• _EXERCISE DESCRIPTION_
Please repeat only the lines below starting at the line that holds "szampon alpecin c1 opinie" and ending at the line that holds "18 x 6 Pink High Density Foam Roller", exactly, with both of those lines included and every picture omitted.

• _AVAILABLE DATA_
::::::::

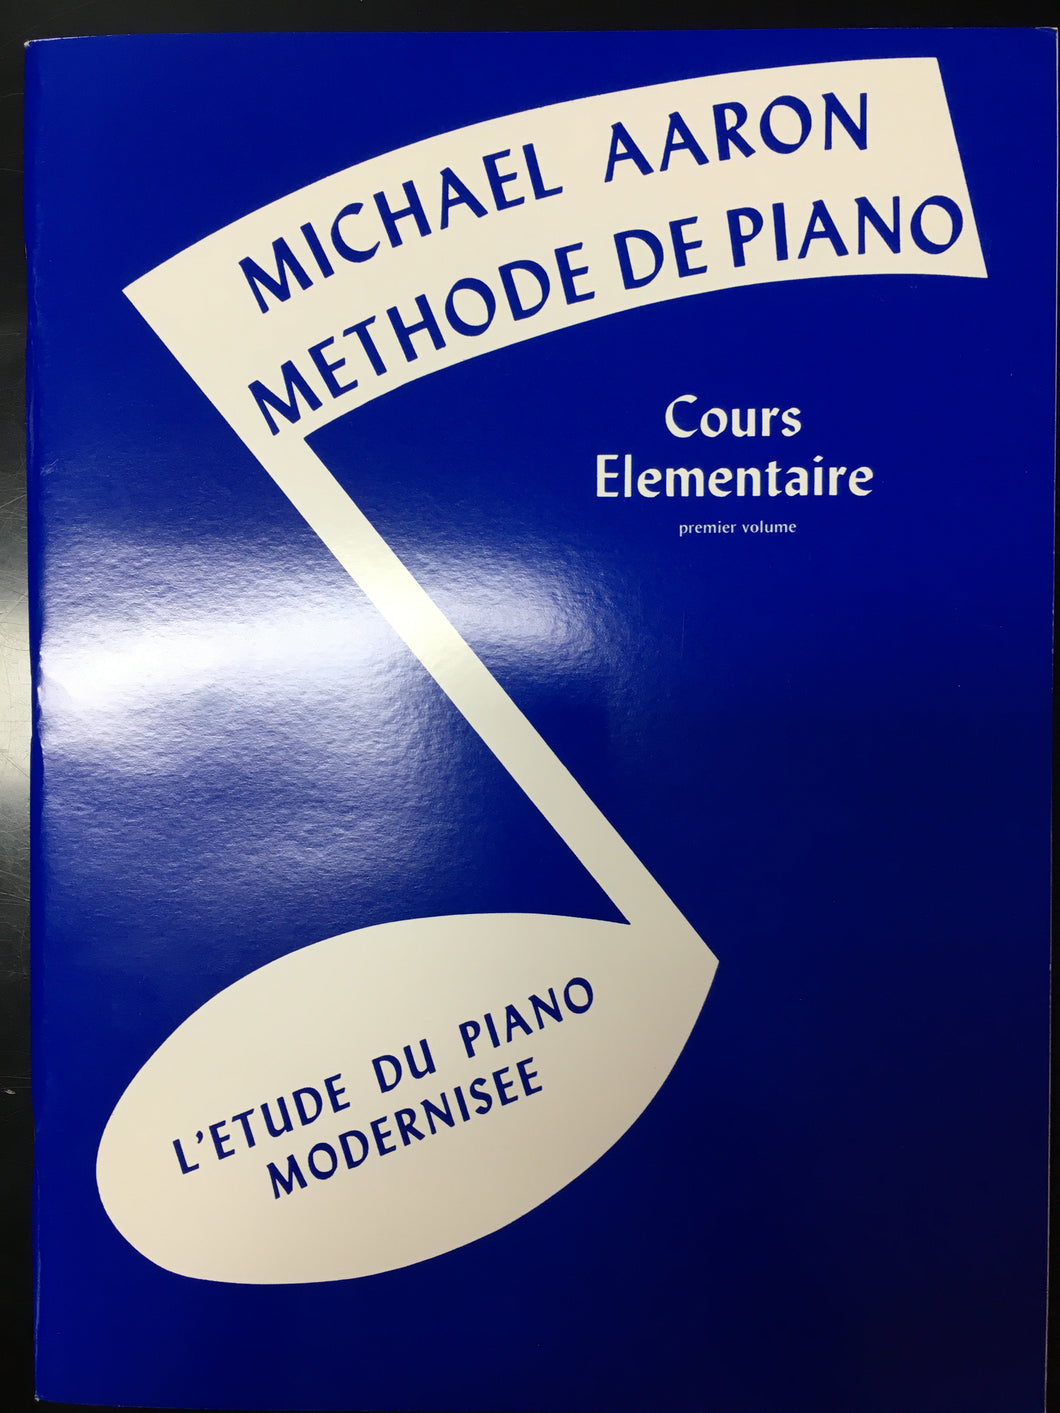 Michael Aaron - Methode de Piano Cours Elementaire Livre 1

::::::::

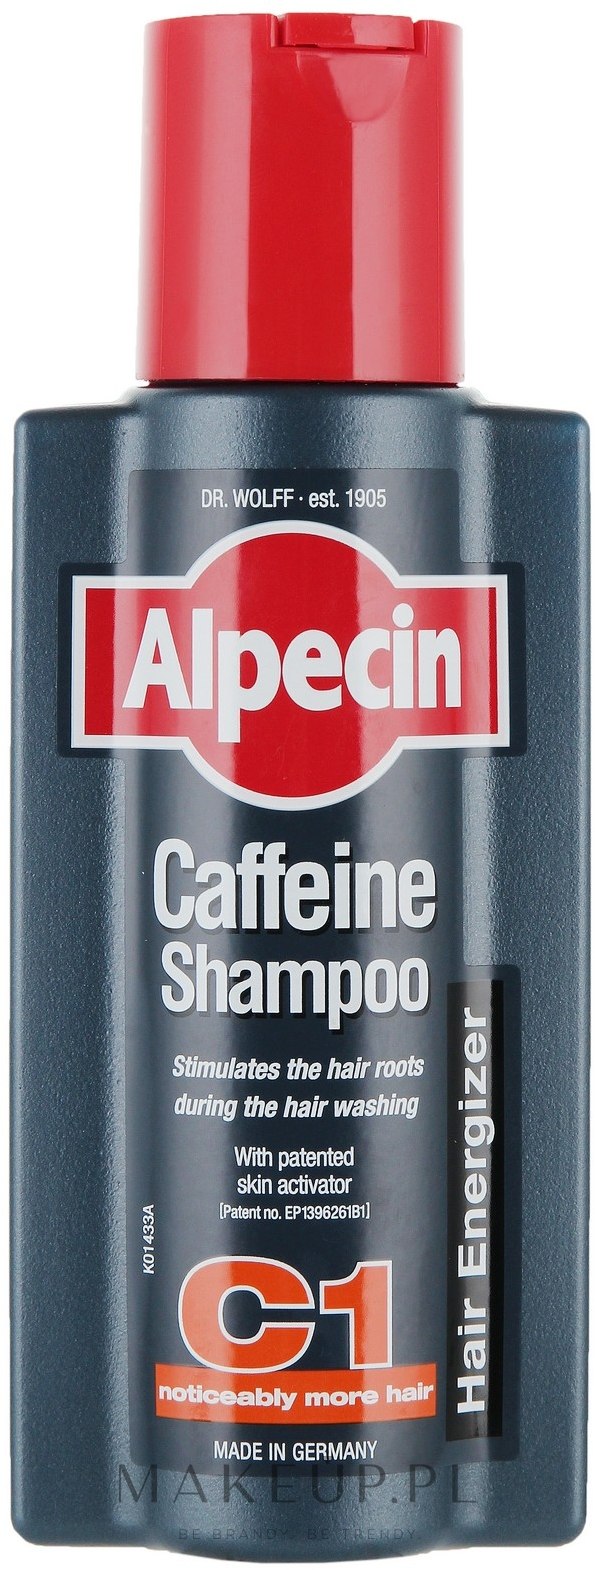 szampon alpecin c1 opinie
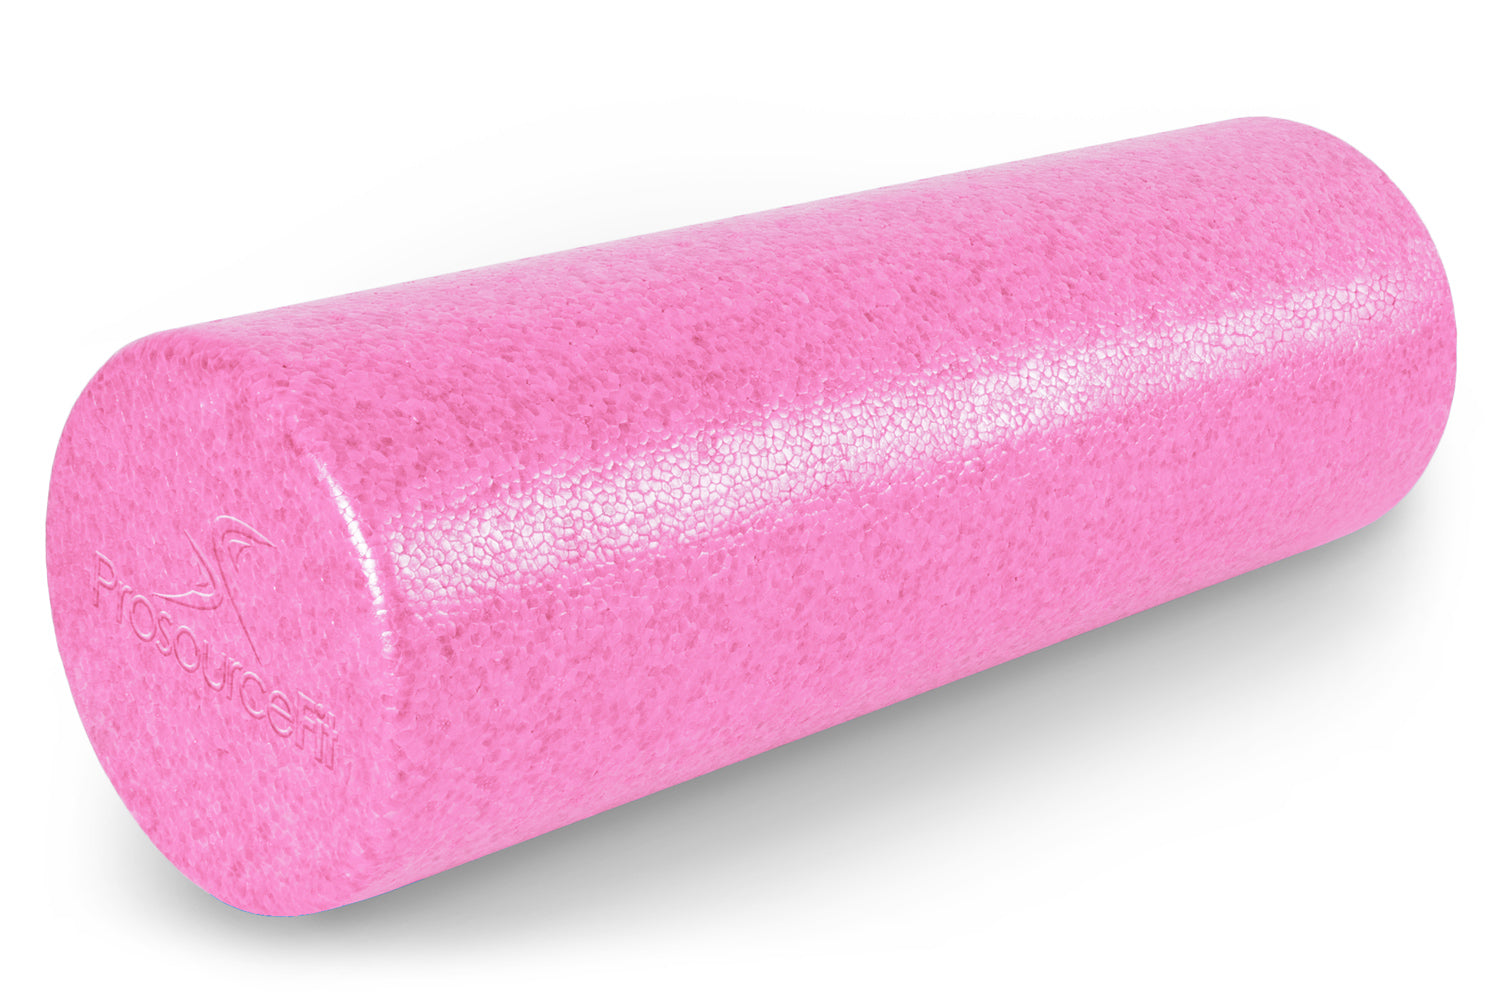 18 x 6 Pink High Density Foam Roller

::::::::

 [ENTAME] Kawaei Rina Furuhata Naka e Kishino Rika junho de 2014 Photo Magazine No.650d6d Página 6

::::::::

• _SOLUTION FOR THIS TASK_
 szampon alpecin c1 opinie
 18 x 6 Pink High Density Foam Roller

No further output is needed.